# Music by Genre > Jazz/Blues Variants, Bossa, Choro, Klezmer >  "My Funny Valentine"

## mishima

Looking for a mandolin version of  "My Funny Valentine" sheet music or tabs.

                            Thanks    Mike

----------


## 250sc

Fake Book

----------


## Perry

A quick google search turned up this lead sheet from the original Real Book:

http://johnwesleybarker.madasafish.c...alentine_s.png

I don't think you are going to find mando TAB for this

----------


## Pete Martin

There are very few mandolin tabs for any Jazz tune.  However, zillions of tunes are out in music notation, aka fakebooks.

Learn to read music, it is not that hard to do!!!!  You'll be glad you did...

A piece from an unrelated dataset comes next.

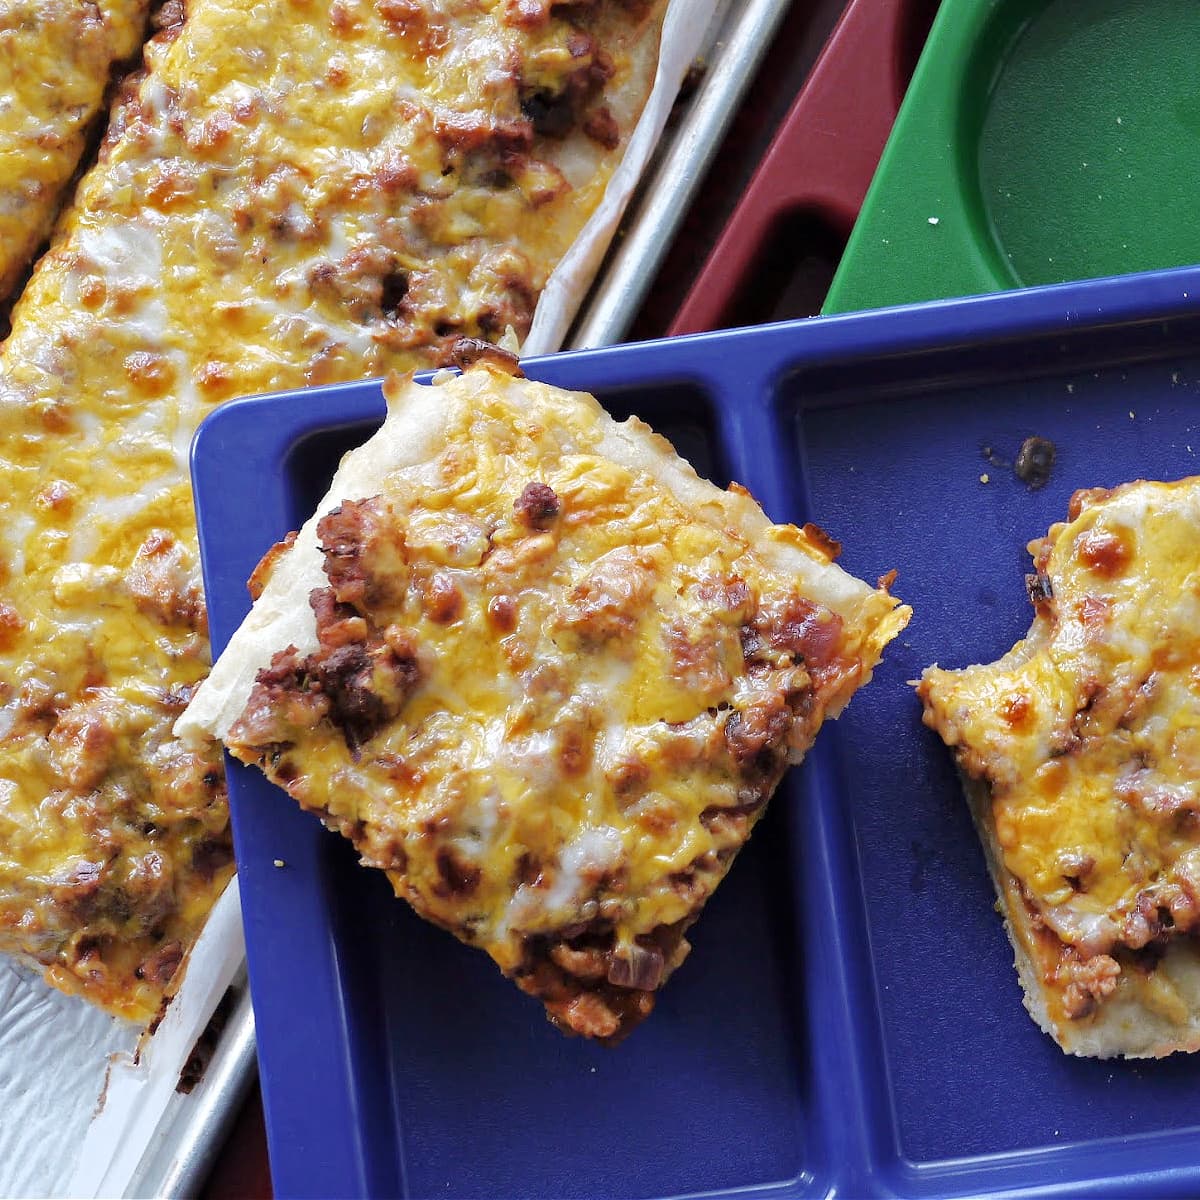 Two pieces of cheese-topped pizza cut into square (one with a bite taken out) resting on a plastic school lunch tray. More pizza on baking tray in background.

Here is a site that lets you find where a tune is in which fakebook
http://psrtutorial.com/Resources/R_FBSongs/fbindex.html

----------


## mishima

Thanks:
 I'll check out the refferals, I do read music I just never know whats available so I cast a large net.

                                   Mike

----------


## Tripp Johnson

Just about any jazz fake book should have MFV...I always go to 'The Real Books' (Vol 1 has MFV), which I believe can actually be obtained legally these days.   :Wink:

----------